According to the NHS’s One You website, anxiety is a feeling of unease, like a worry or fear.
This can cause a person’s heart to race, make them sweaty, shaky or short of breath. It can also cause changes in behaviour.
Anxiety can be mild or severe and everyone feels anxious from time to time.
But for some it can become problematic, and harmless situations can be blown out of proportion.
Claire Murdoch, mental health director for the NHS said: “We know that many people’s lives will have been disrupted in these uncertain times and this can lead to depression or other challenges, so while it’s encouraging that anxiety levels are reducing, there are common sense, simple steps which can ease symptoms, including talking to friends and loved ones, undertaking regular exercise, keeping a healthy and balanced diet and accessing self-help websites such as Every Mind Matters.
“But if your symptoms persist, the NHS has been and will continue to be there for you as we take on this pandemic, whether that is through video consultations and online support, our newly launched mental health crisis hotline, or through face-to-face appointments, so you can get the help and support you need.”
Sir Simon Wessely, regius professor of psychiatry at King’s College London, said: “It’s no surprise that people have become more anxious during the pandemic, but the size of the increase is very troubling.
“The greatest increase is in those who are married/in partnerships, which is the opposite of what we normally see.
“This may reflect issues around either home schooling, or home working, or both.
“Another issue across the board is loneliness – which is not just about living alone, but that our need for rewarding social contact is not being met.
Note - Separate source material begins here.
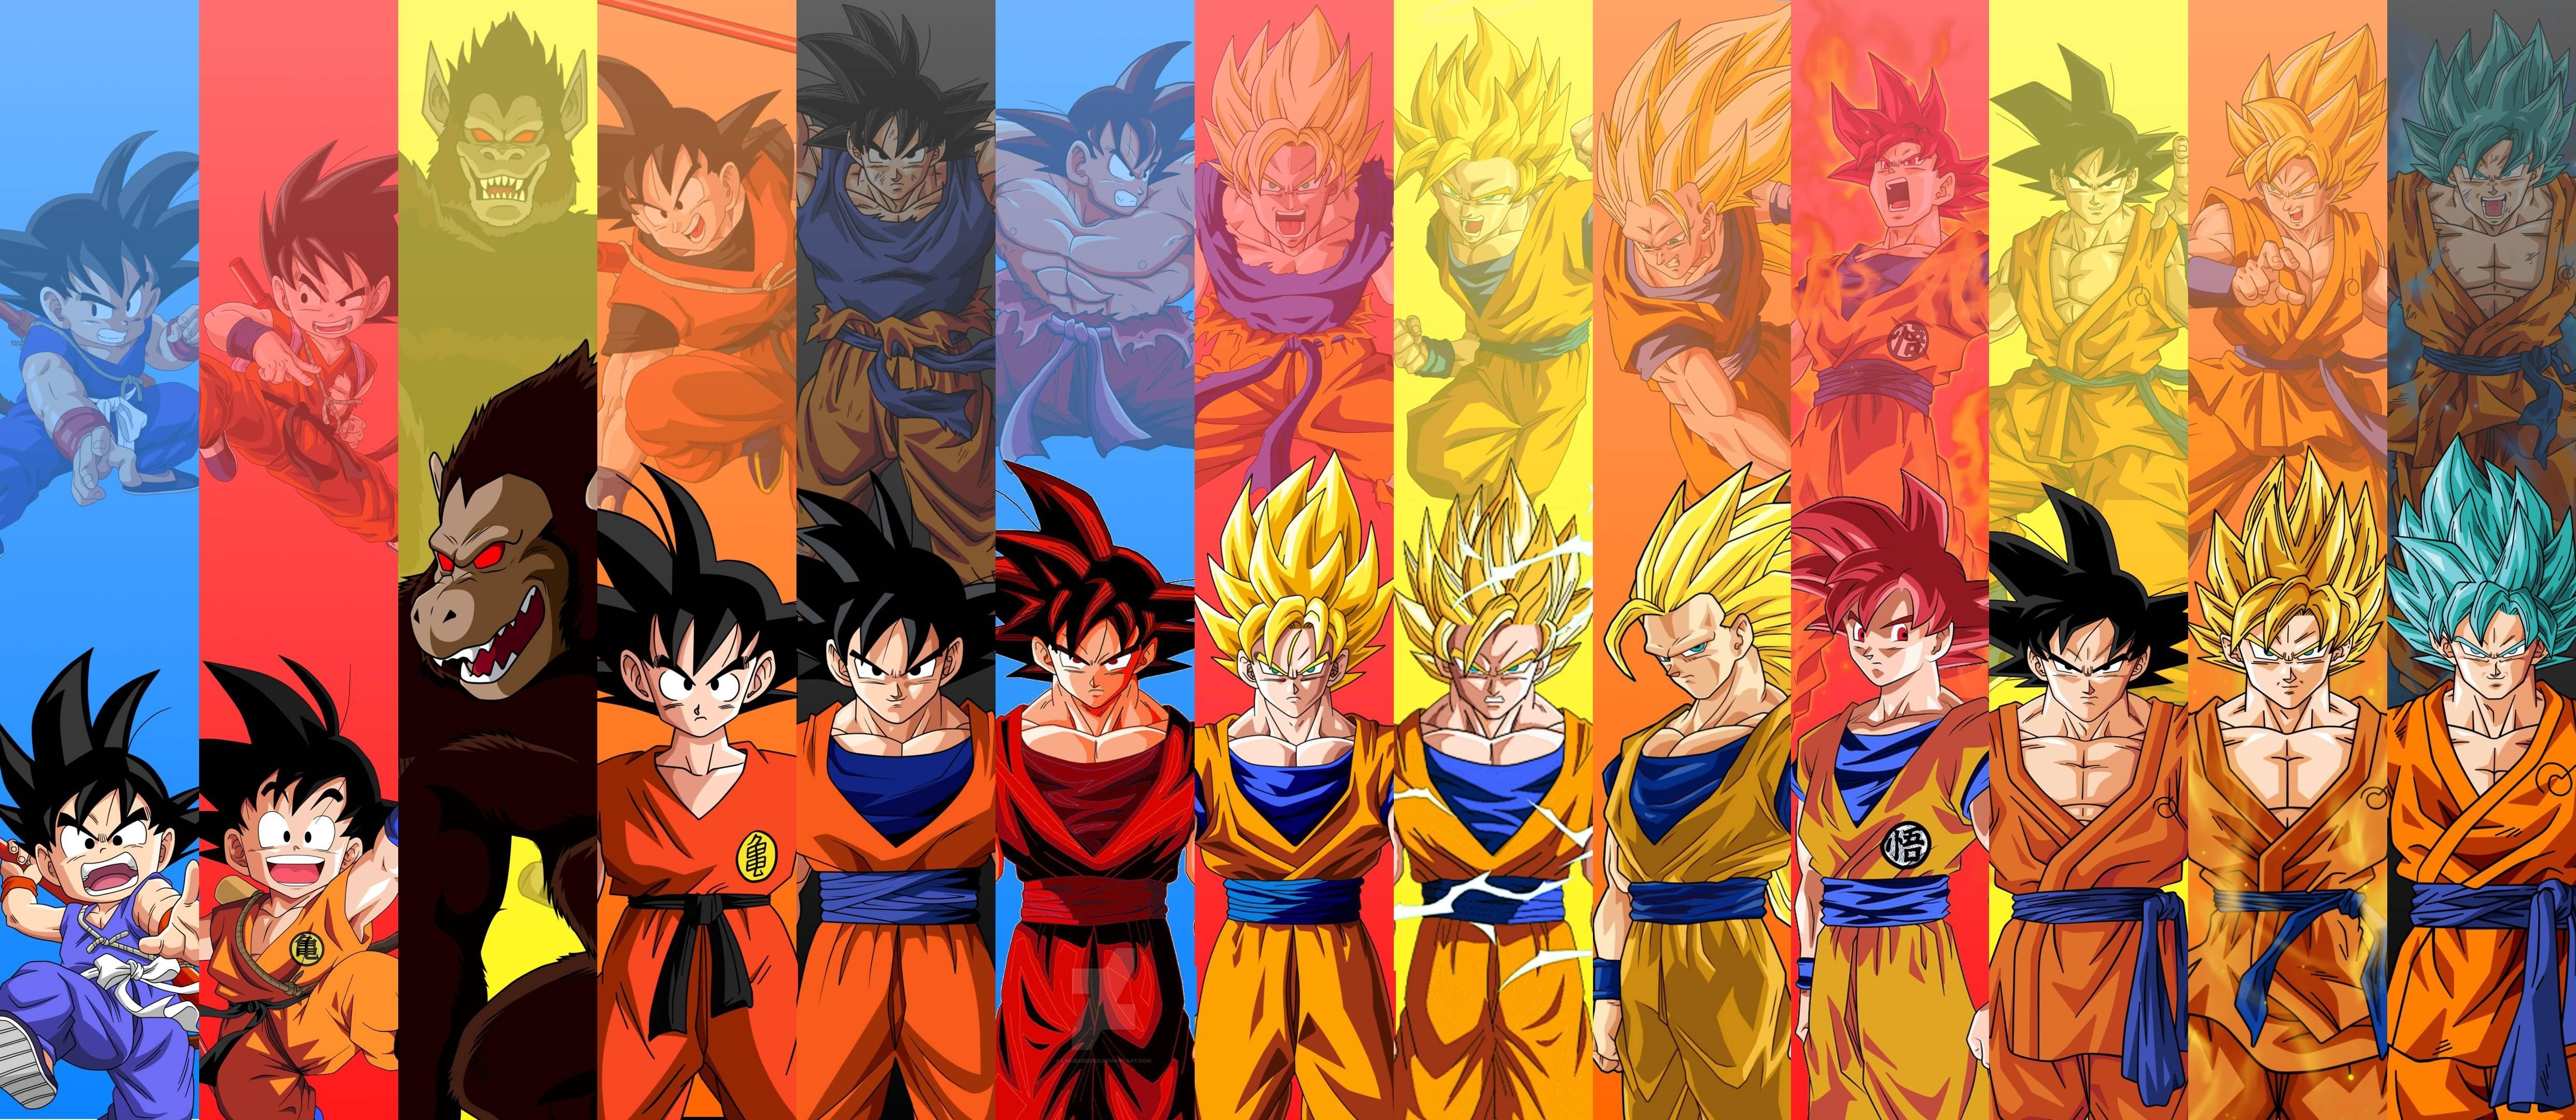 Son Goku Wallpaper. Image Wallpaper. Goku wallpaper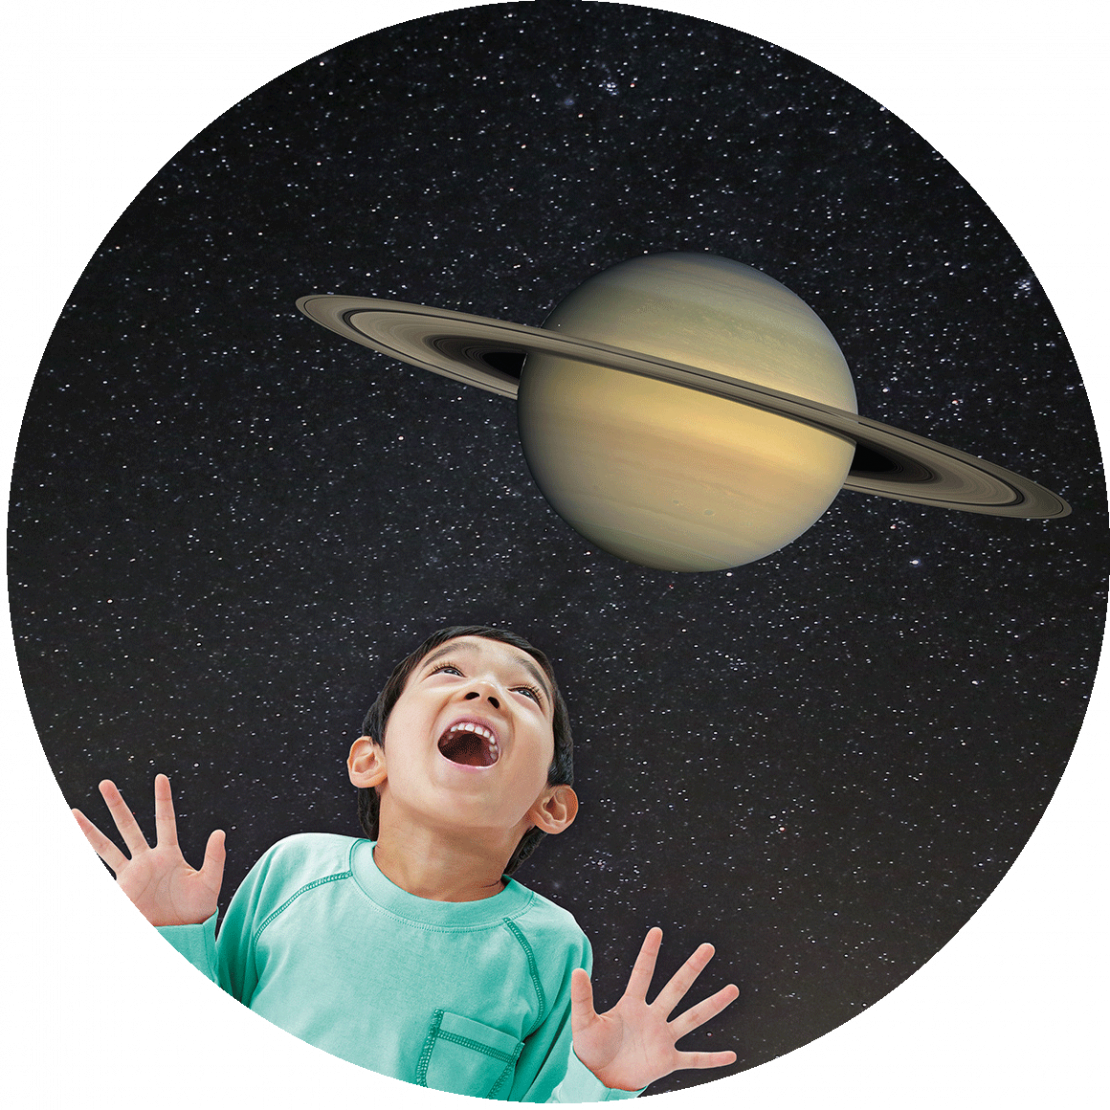 Junge mit Saturn

“This is the wicked nature of a pandemic – it creates intense anxiety, but the measures that we need to control it, which centre on suppressing our ability to interact socially, make it more difficult to manage that anxiety.
“Finally, if as seems likely we are going to have to learn to live with this virus for some time to come, even with a vaccine, high levels of fear will make it more difficult for us to accept the compromises and trade-offs necessary for our collective future.
“Government may have to lead and not simply follow.”
The figures come as the Department of Health and Social Care announced that frontline staff and volunteers across England can now access a psychological first aid training course.
The course will enable staff to provide psychological support to people affected by coronavirus.